I had a code segment like this:
File f = new File(filename);
scope (exit)
{
f.close();
delete f;
}
However, this hang on Linux. I discovered that the deconstructor for File calls close() - which I was already calling. If I only close, or I only delete... it works.
But, if I close... and later the garbage collector picks it up, I could theoretically get a hang anywhere... one I couldn't reproduce. That would be bad.
AFAICT, this is simply because close() is always trying to close the open handle every time it's called. Meaning, calling close() twice in a row is not allowed.

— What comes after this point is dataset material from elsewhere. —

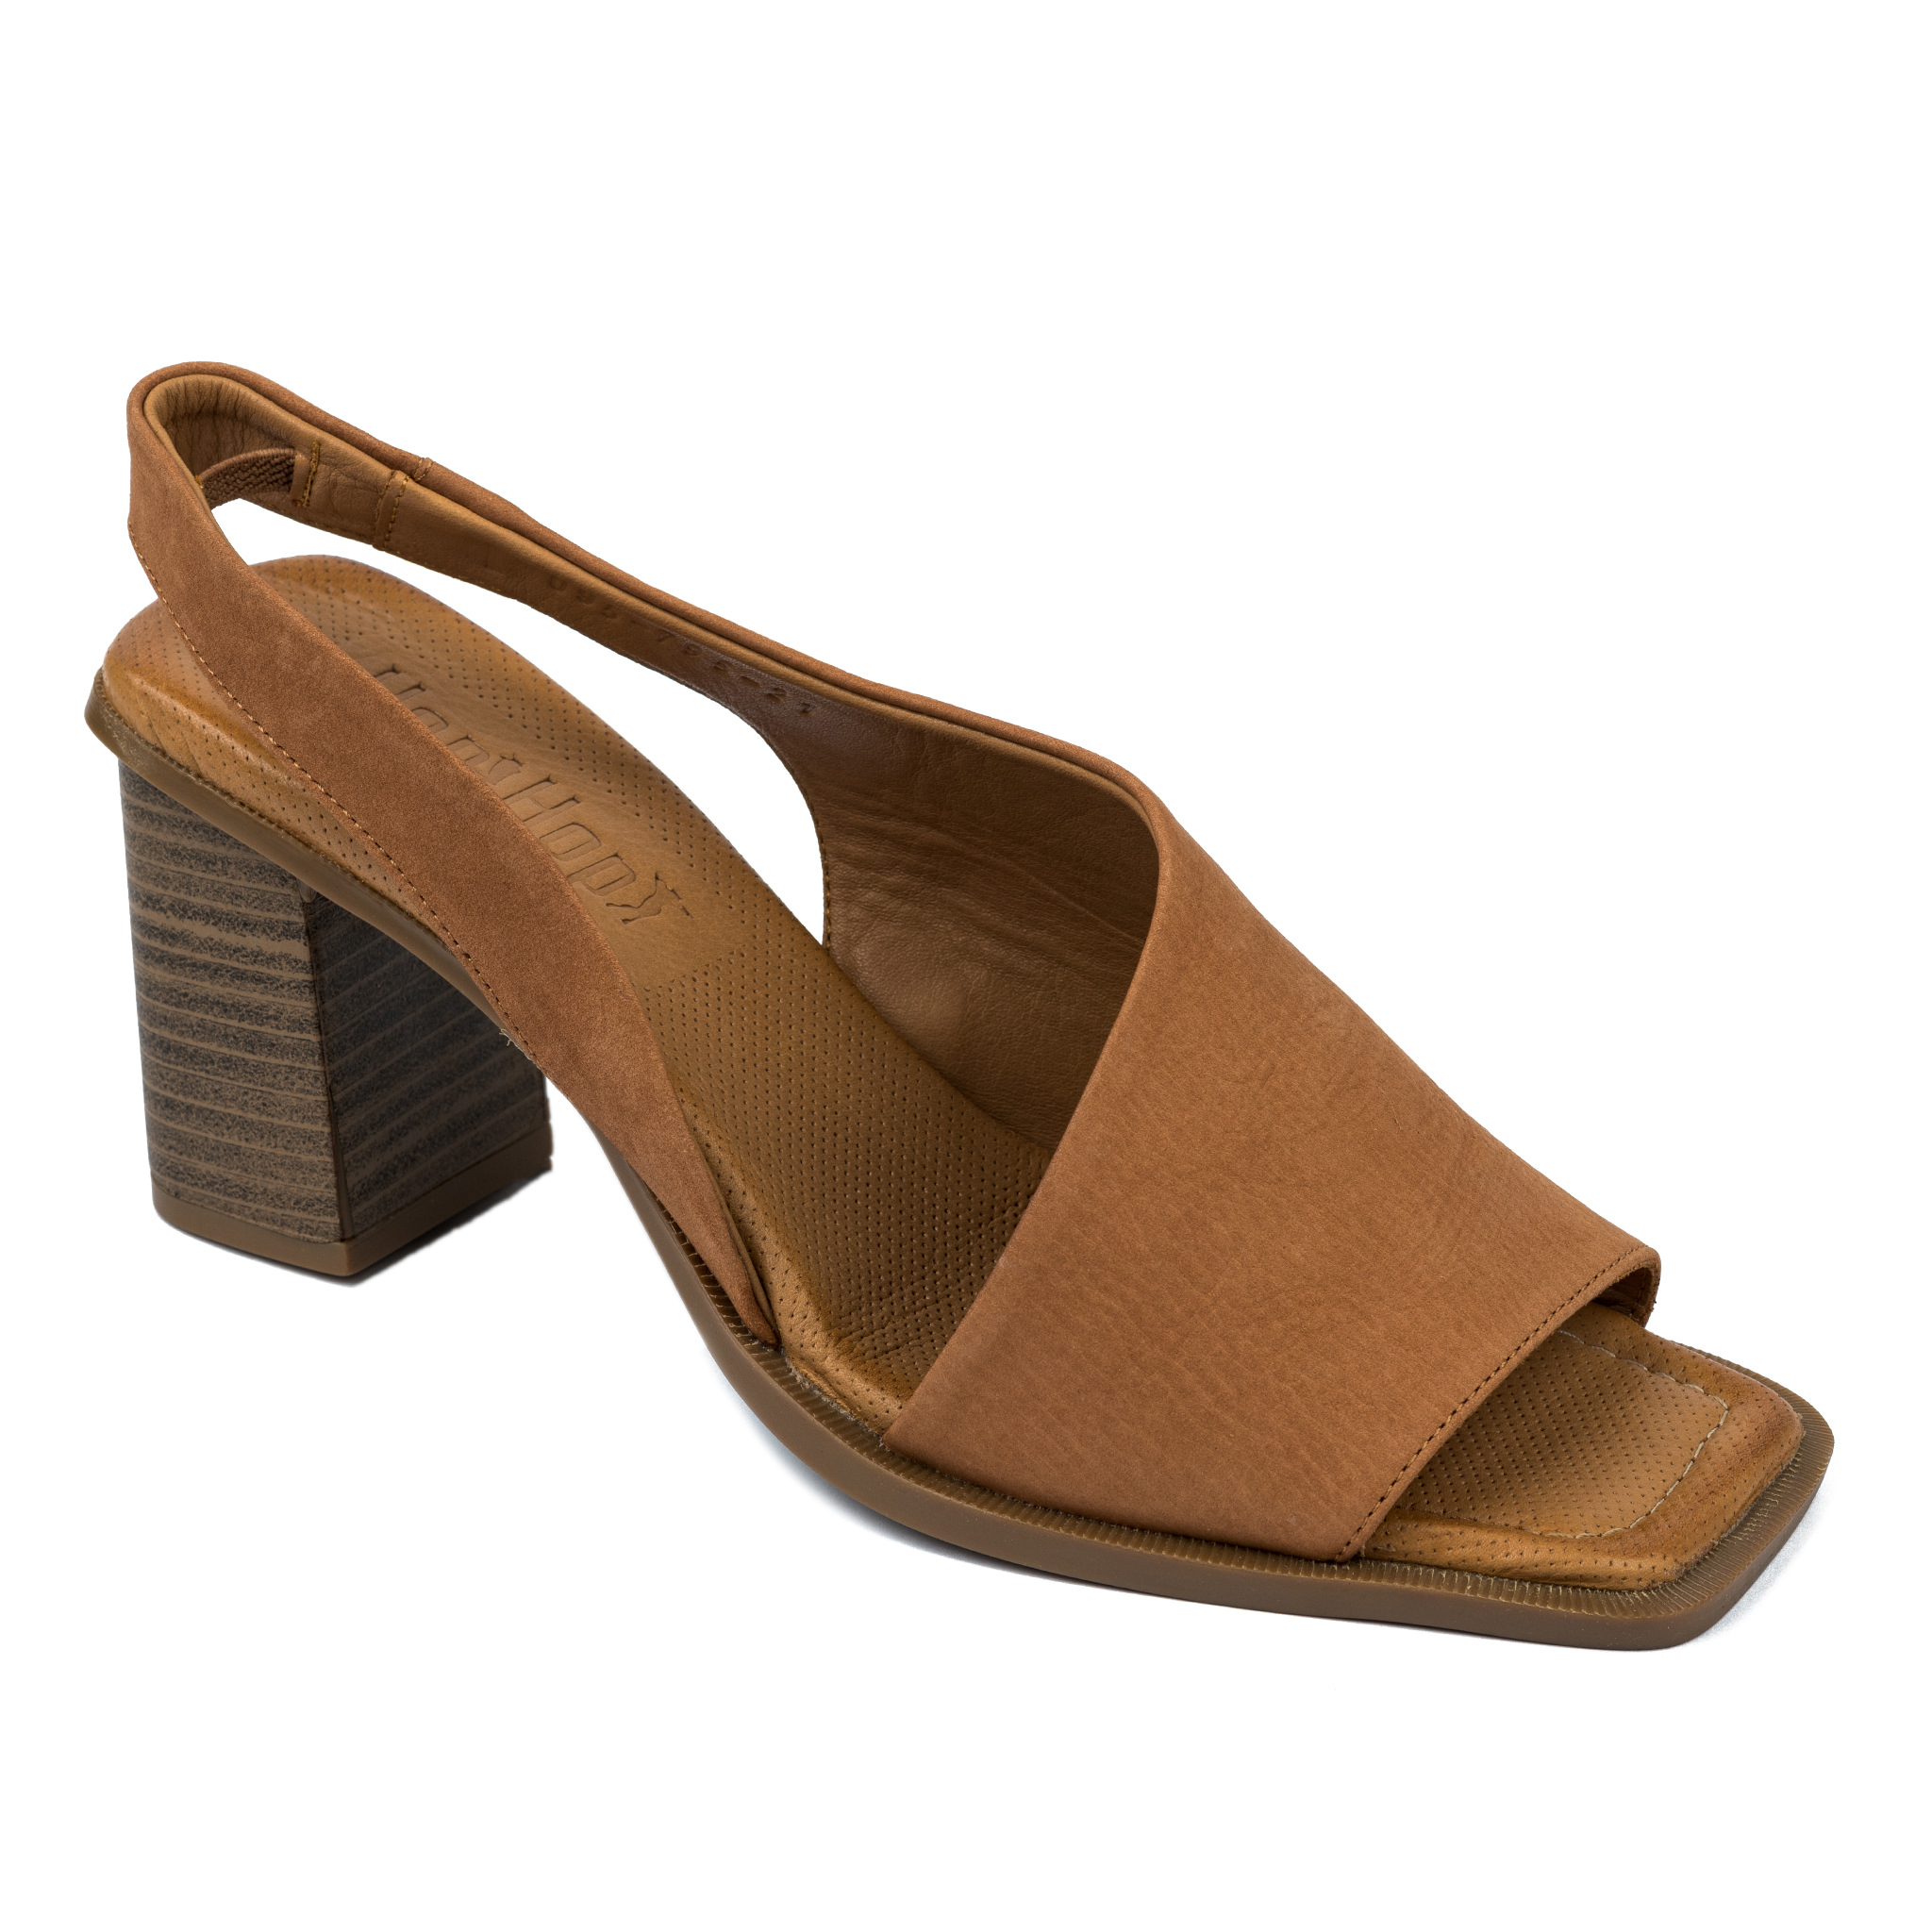 Leather sandals A675 - CAMEL

The fix is simple. Will attach.
-[Unknown]
Comment #1 by bugs-d — 2006-07-03T00:26:43Z
Created attachment 12
Reset isopen flag on streams.
This simply flips the isopen flag on a call to close(), thus ignoring repeated calls.
-[Unknown]
Comment #2 by bugs-d — 2006-07-23T14:44:15Z
I've determined that this only segfaults some of the time, so this may not indeed be the problem I'm seeing. Sorry about that.
I still think, regardless, that clearing the isopen flag makes sense. I'll have to do more checking to see if there's another deeper cause for the segfaulting I was seeing.
-[Unknown]
Comment #3 by thomas-dloop — 2007-04-29T02:10:16Z
The isopen flag is cleared in Socket.close which is called from File.close.